Commercio ed Economia - Ottobre 18, 2022

STEM (acronimo di scienza, tecnologia, ingegneria e matematica) e donne: una combinazione vincente, ma solo a metà. Questo perché i dati raccolti sull’argomento evidenziano una netta disparità di genere: i ragazzi rappresentano il maggior numero di iscritti ai corsi di laurea in materie scientifiche. Ma c’è un problema: negli ultimi anni, l’interesse per queste materie è cresciuto anche tra le ragazze e, di conseguenza, sono aumentate le iscrizioni agli istituti scientifici e tecnologici. D’altra parte, il mondo ha sempre più bisogno di figure lavorative in grado di ricoprire ruoli specifici nel campo della scienza e della tecnologia.

 

Quando parliamo di disparità, ci riferiamo alle ragioni sociali, pratiche e culturali che portano a questo divario. Quindi, partiamo dal presupposto che l’idea che le giovani donne non si avvicinino alle materie scientifiche non è sempre una scelta libera e consapevole; ci sono dei paletti, a volte ideali, a volte strutturali, che costituiscono dei grossi ostacoli. Se è vero che il mercato del lavoro offre pochi stimoli e opportunità – e l’astronauta Samantha Cristoforetti, ora a capo della Stazione Spaziale Internazionale, sarà felice di dissentire – sono anche i retaggi culturali, i pregiudizi e l’opinione pubblica a formare un muro difficile da abbattere. Infatti, come in altri settori, la parità tra uomini e donne non è ancora stata raggiunta nel mondo dell’istruzione, nonostante il calendario ci ricordi che corre l’anno 2022.

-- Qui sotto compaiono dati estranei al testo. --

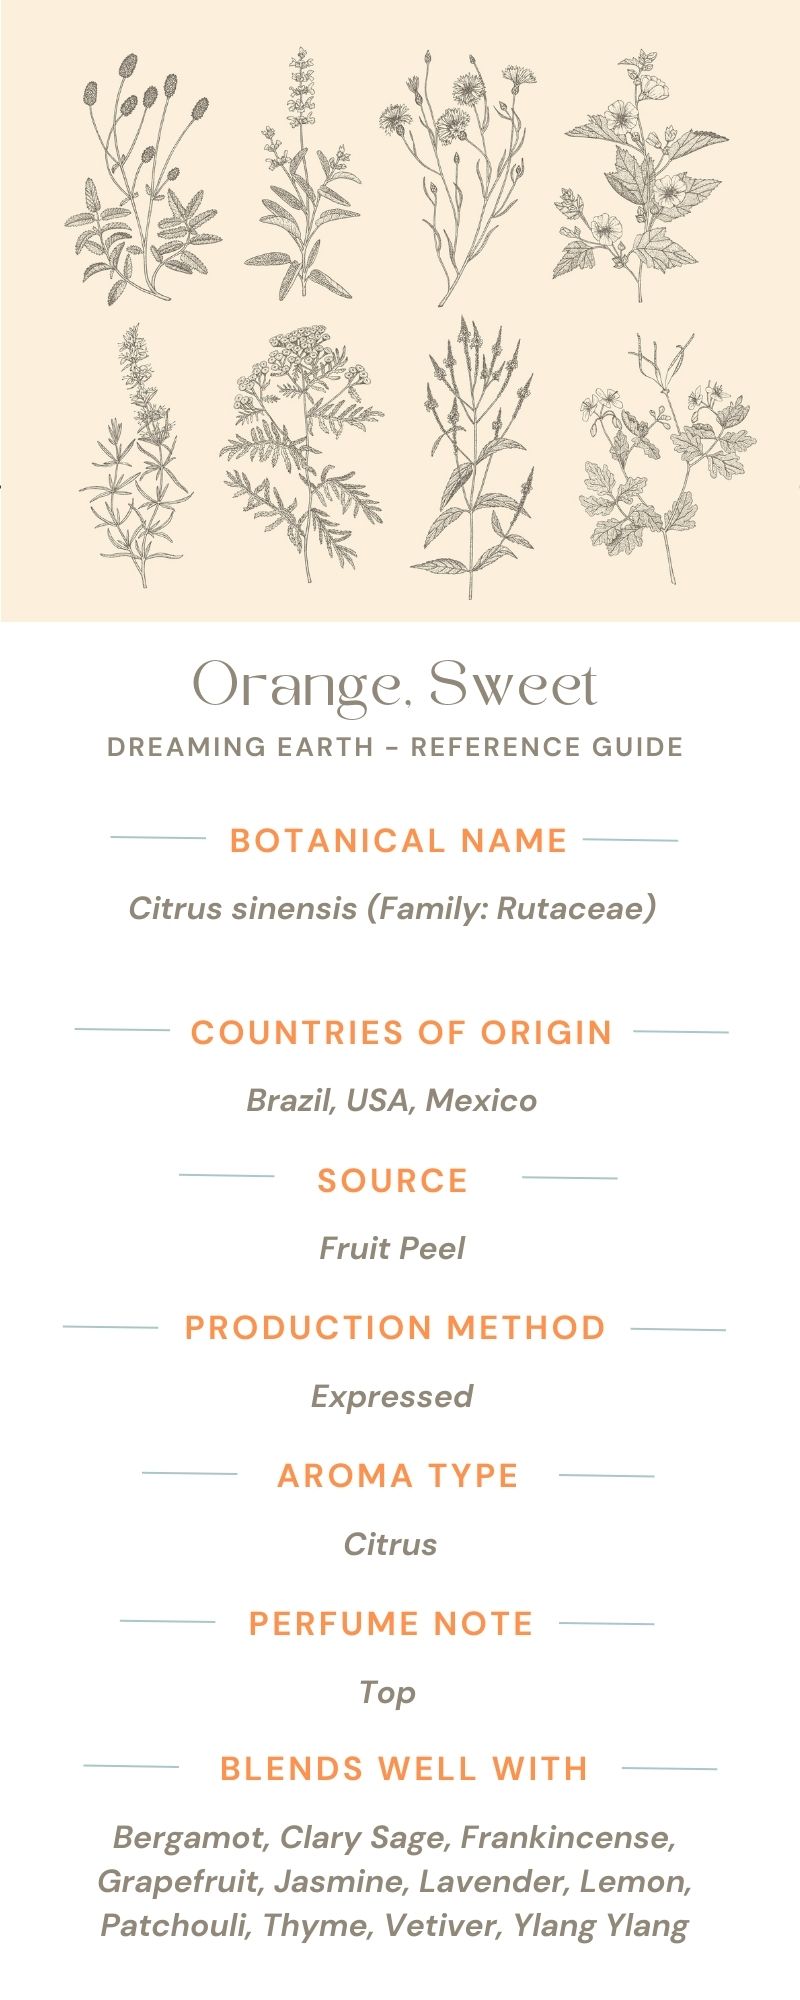 Load image into Gallery viewer, Orange, Sweet Organic Essential Oil - Dreaming Earth Inc

STEM e donne: dati attuali

 

Prima di procedere all’analisi delle ragioni per cui si parla di gender gap nelle STEM, riportiamo alcuni dati utili. In Italia, per l’anno accademico 2020/2021, le donne rappresentano il 60% dei laureati (dati tratti dal Primo Rapporto Tematico di Genere di Almalaurea: “Laureati e laureate: Scelte professionali, esperienze e risultati”). Tuttavia, un’indagine condotta da Ipsos per Save the Children, condivisa l’11 febbraio 2022 in occasione della Giornata internazionale delle donne e delle ragazze nella scienza, riporta che nel 2021 solo il 22% delle ragazze del Bel Paese ha scelto di seguire le materie STEM. Sebbene il numero sia in aumento rispetto agli anni precedenti, si tratta comunque di cifre preoccupanti. Save The Children conferma, tuttavia, che tra le giovani studentesse c’è una grande consapevolezza di quanto possa essere cruciale il loro contributo nelle materie scientifiche e tecnologiche.

 

Estendendo l’analisi a livello globale, un recente rapporto di WeWorld, “We Stem for Our Future”, rileva che solo il 35% degli iscritti alle facoltà STEM in tutto il mondo appartiene al genere femminile. Approfondendo i dati, ad esempio, il 7% frequenta ingegneria, rispetto al 22% degli studenti maschi.

 

Ma perché questo accade? Perché, nonostante l’elevato interesse delle ragazze per le materie STEM, il quadro è così oscuro e nebuloso?

 

Una tendenza al ribasso dettata dal contesto socioeconomico

 

Le ragioni per cui le giovani donne non intraprendono un percorso nelle materie STEM sono da ricercare nel contesto socio-economico in cui crescono e si muovono quotidianamente.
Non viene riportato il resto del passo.